It’s pretty rare that we get new techniques in construction. In fact, the last major one came in the 19th century, when steel replaced iron framing and birthed the modern skyscraper. Today, there’s a new technique that has the potential to change the way we look at buildings, and transform our cities.
Picture this: a skyscraper made of wood, made out cross-laminated timber, or CLT. Justin Davidson, architecture critic for the New York Magazine, wrote about these buildings in his article, “Imagining a Wooden Skyline.” He talked to Marketplace host Lizzie O'Leary about how CLT works and why it may be an ideal alternative to steel.

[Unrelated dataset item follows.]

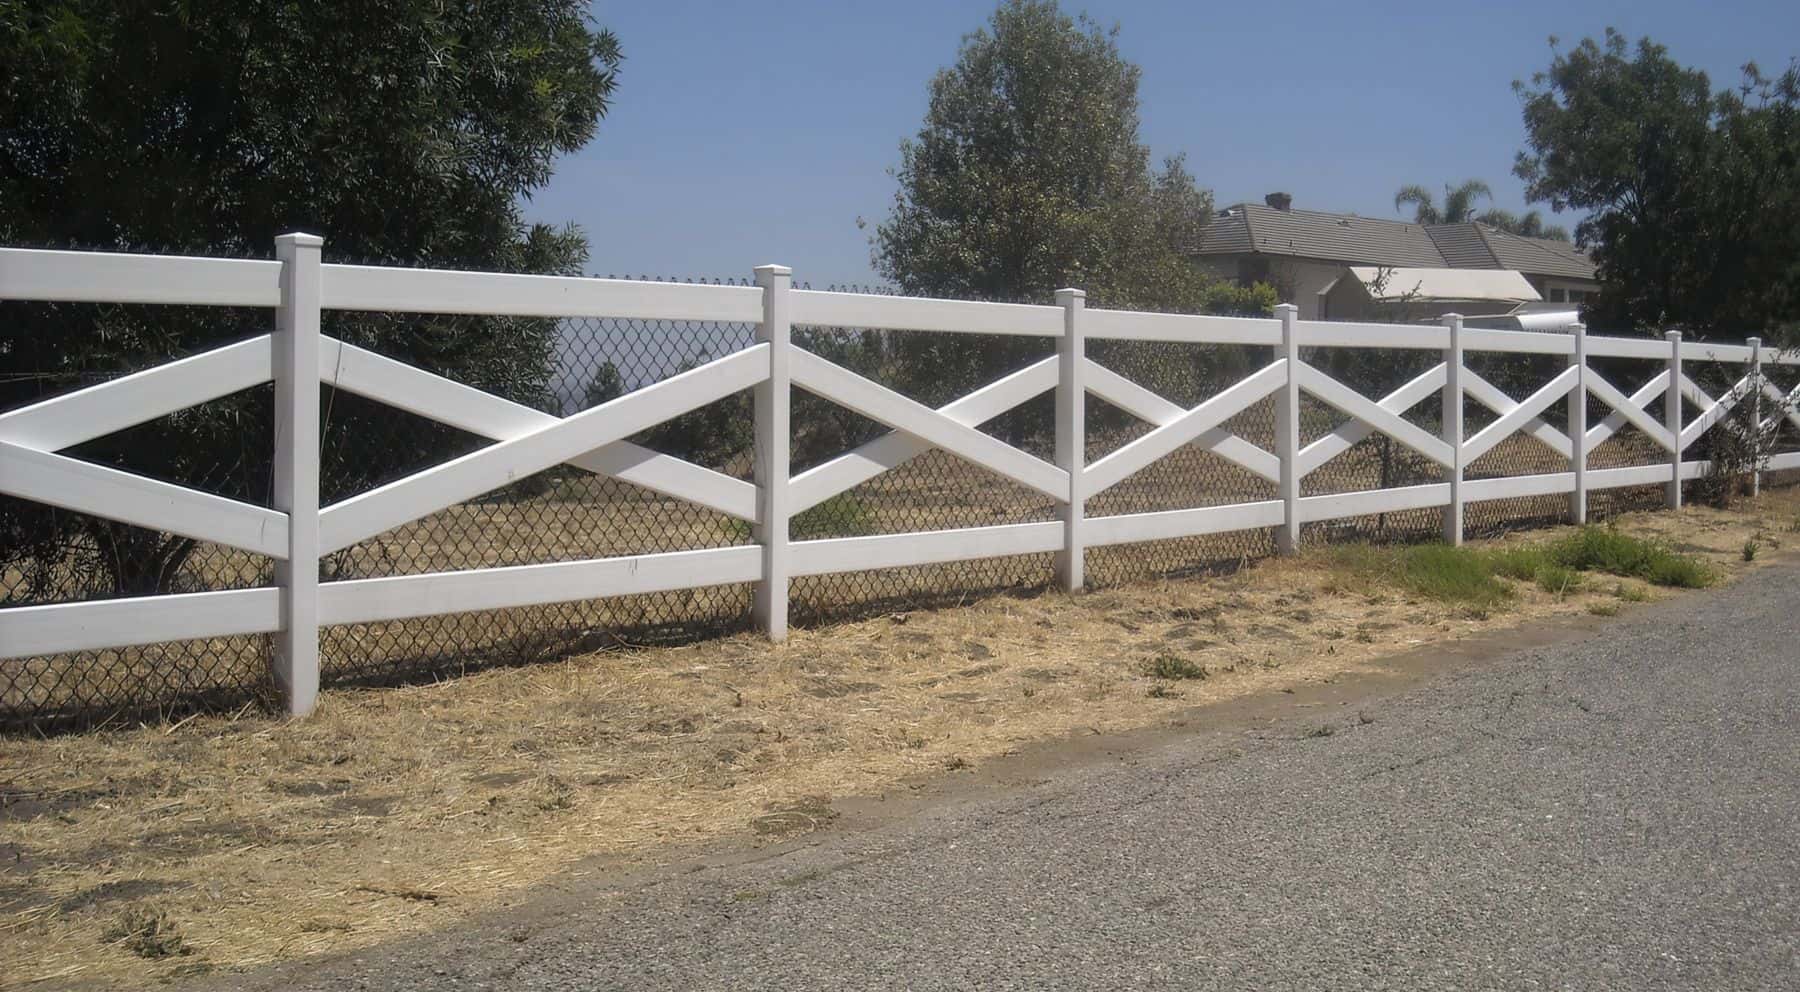 Vinyl cross rail ranch style fence beside the road with a chain link fence behind it to further discourage trespassing
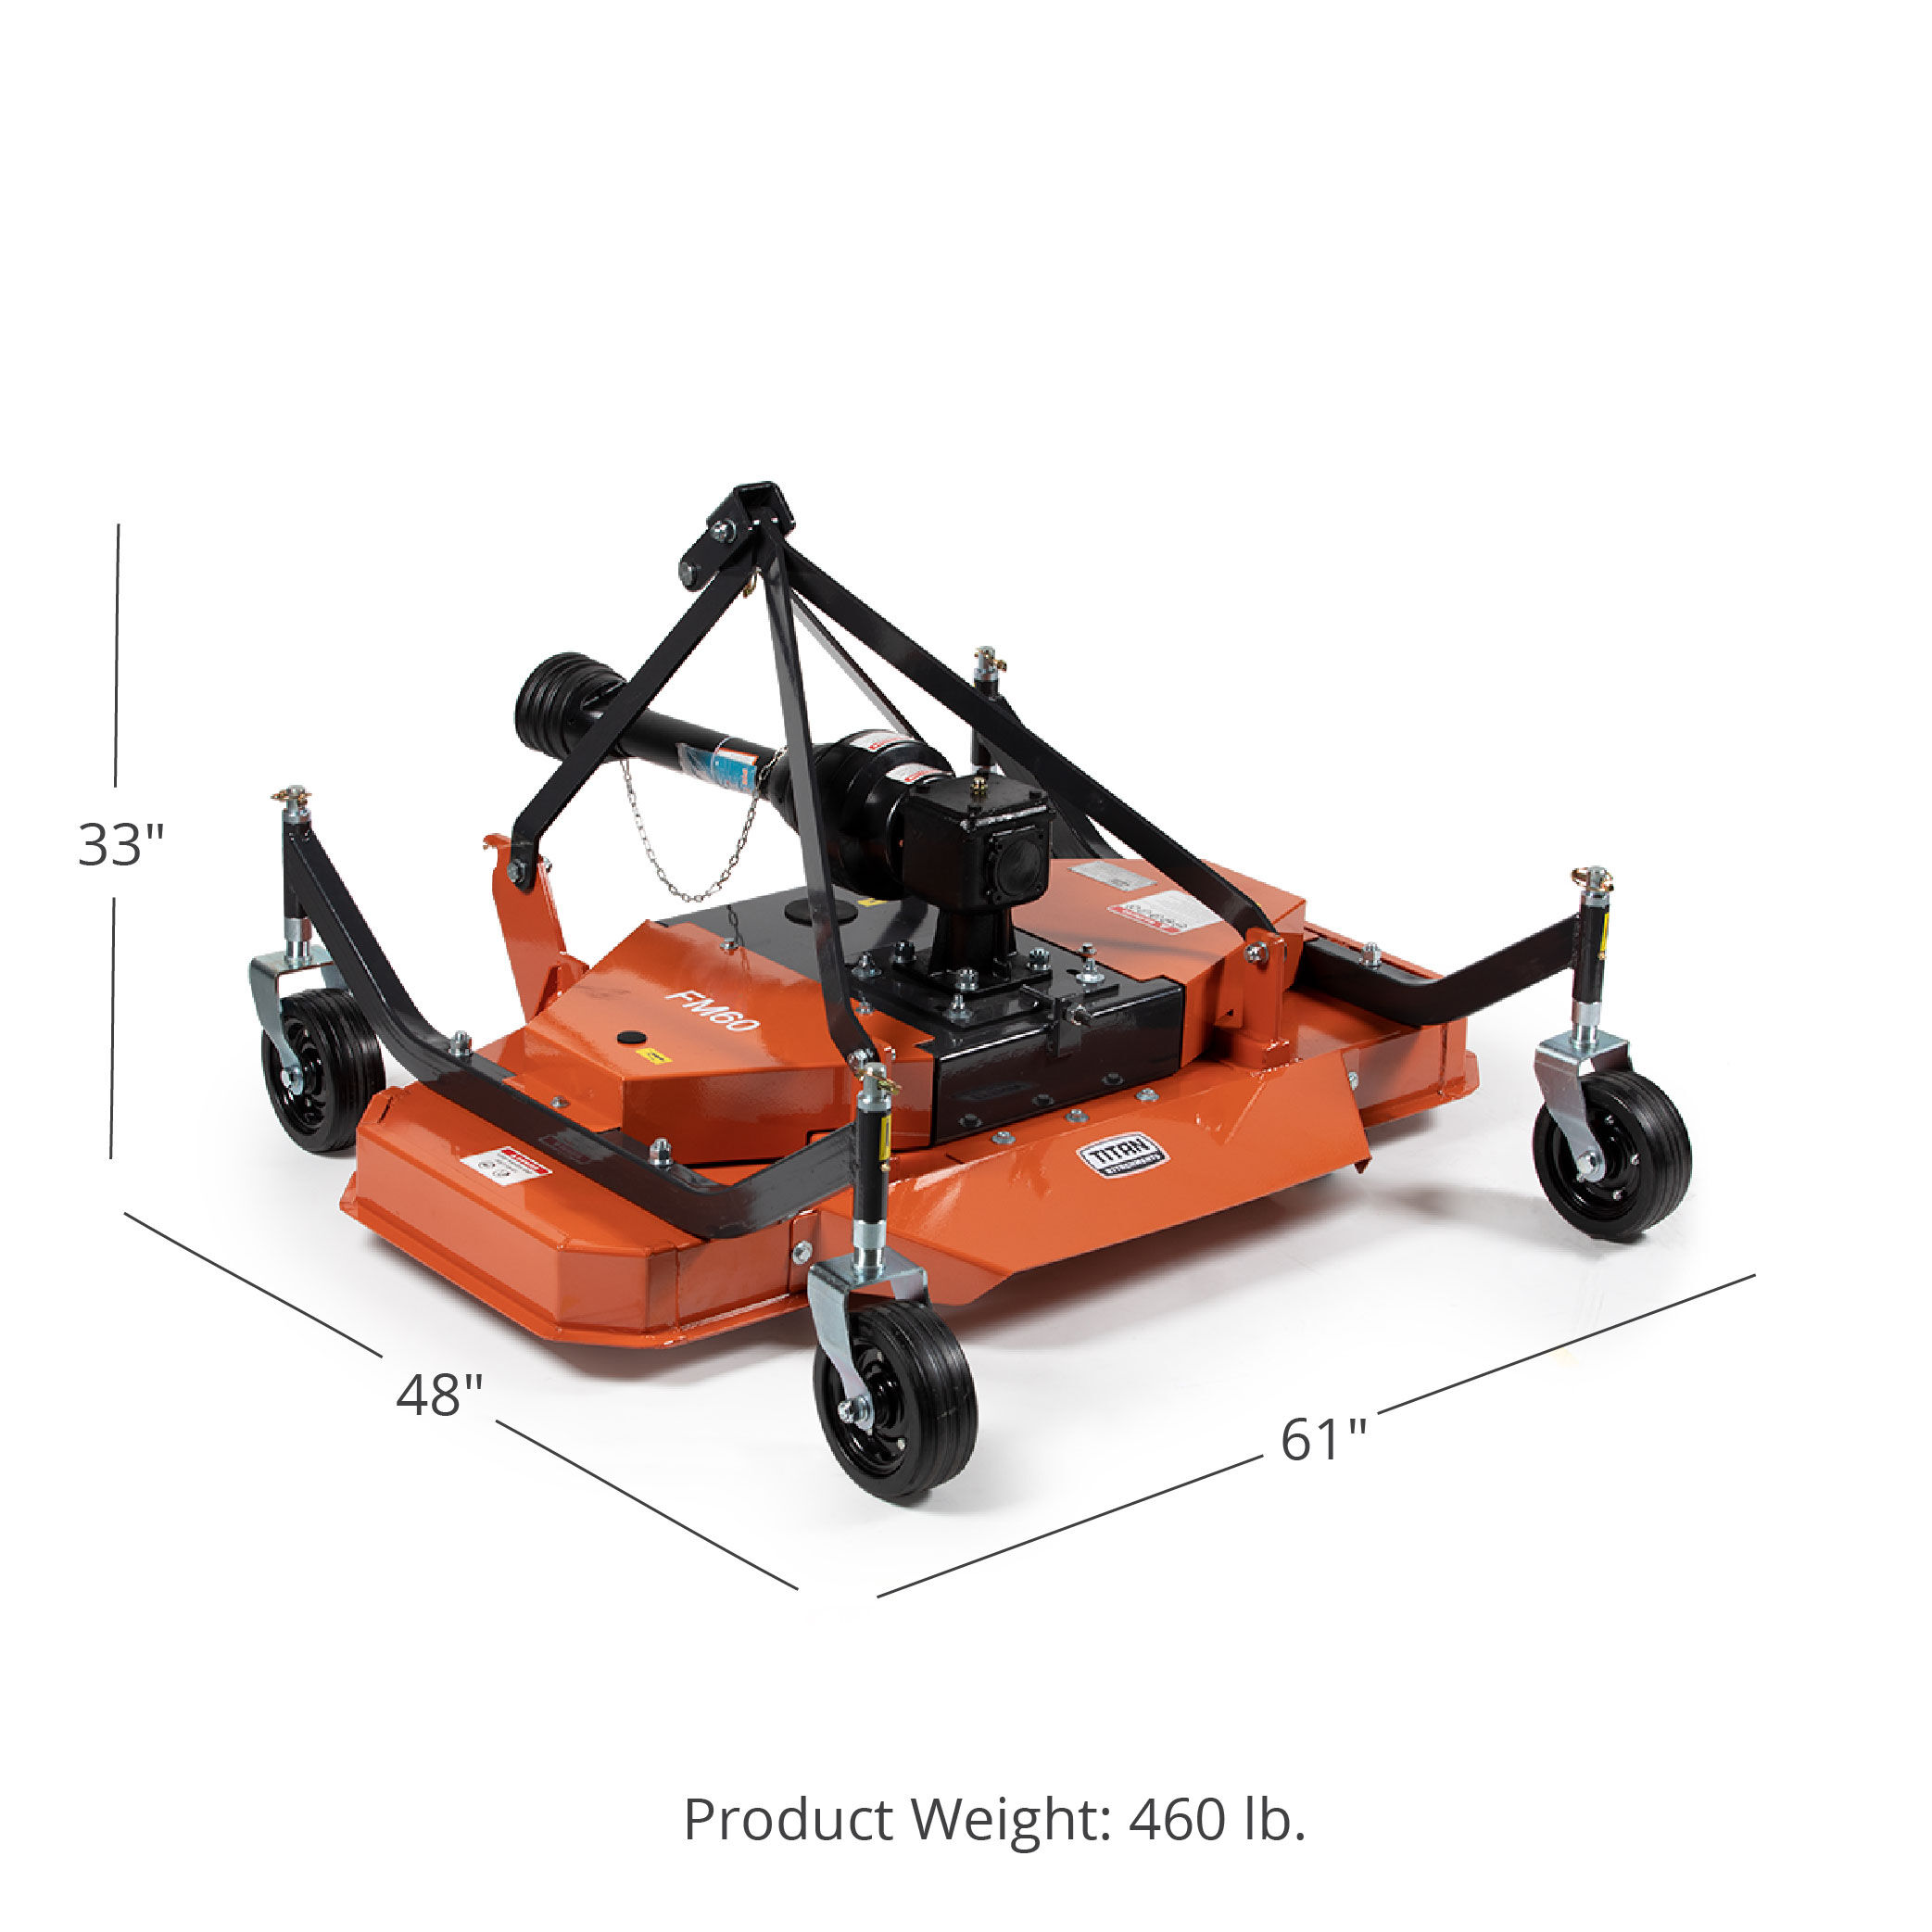 Titan Attachments 3 Point PTO Finish Mower, 60" Cutting Width, Category 1 Hitch, Rear Discharge, Requires 25-40 HP Tractor, Low-Noise Cast Iron Gearbox, Landscaping, Mowing - image 2 of 6

Below is a transcript that was edited for clarity and brevity.
Justin Davidson: It's really about taking relatively small units of wood when they're sawn boards, but you're then gluing them together into these massive units. So the general term for this is mass timber. Mass timber has two basic components: one is CLT, cross laminated timber, which is these huge boards essentially made up of smaller boards.
Lizzie O'Leary: How big are we talking about?
Davidson: They could be eight to 12 inches thick. So that's a thick piece of super plywood — 10 feet wide, 40 feet long, so one of those would give you a lane of a bowling alley.
O'Leary: So you take those and then, you use the phrase in here, it's almost like a really kind of high tech Amish barn raising.
Davidson: The great advantage to it is that you can manipulate it in a factory using a computer controlled milling and do all the openings that you need, cut out the windows, cut channels and pre-designed and then pre-manufacture these units that can then be quickly assembled on site. This is a simplified way of putting it, but you're essentially clipping it together like a kit.
O'Leary: You came here to our office on Third Avenue in New York City walking through a canyon of steel and glass buildings. Why build out of wood when you could do it that way?
Davidson: So one reason is environmental. So essentially for a ton of steel, you are producing something like a ton and a half of carbon. For a ton of wood, you are warehousing carbon, so the difference in carbon emissions is actually much bigger.
O'Leary: And the cutting down of trees?
Davidson: You're not cutting old growth forest, you're not deforesting the Amazon. These are managed forest, so you're planting the trees, you're letting them grow 10, 15 years and then you harvest them. And actually one theory is that essentially this is self-sustaining and self capitalizing because if there's a demand for construction grade wood in the United States and in Europe and around the world, what you're doing is pumping money into the forestry business.
O'Leary: One thing that immediately jumps into my mind, and you mentioned this in your piece, is there was a time in America certainly around the turn of the century where we built everything out of wood and cities like San Francisco went up in flames.
Davidson: So if you think about making a fire in your fireplace you don't put a great big log on the fireplace and then hold a match to it. What you do is you build up the fire using smaller kindling. So essentially CLT is like that big log. It will burn, as well every other material, but it will burn slowly and in a predictable way, essentially giving residents time to escape and firefighters time to respond. And they've done a lot of tests with this. I mean this is a well-tested material. Tested for earthquakes. It has a fire resistance that's equivalent to concrete and steel.
O'Leary: What's the biggest barrier to this becoming widespread?
Davidson: Habit. I mean, the construction industry is very routinized. So when you're talking about changing the way you do it, there's a startup cost that's significant. But you also have to kind of vertically integrate the whole thing so that you are bringing the logs or the boards into a manufacturing center that is going to put in raw lumber in one end, maybe even just like tree trunks, and produce building components out the other.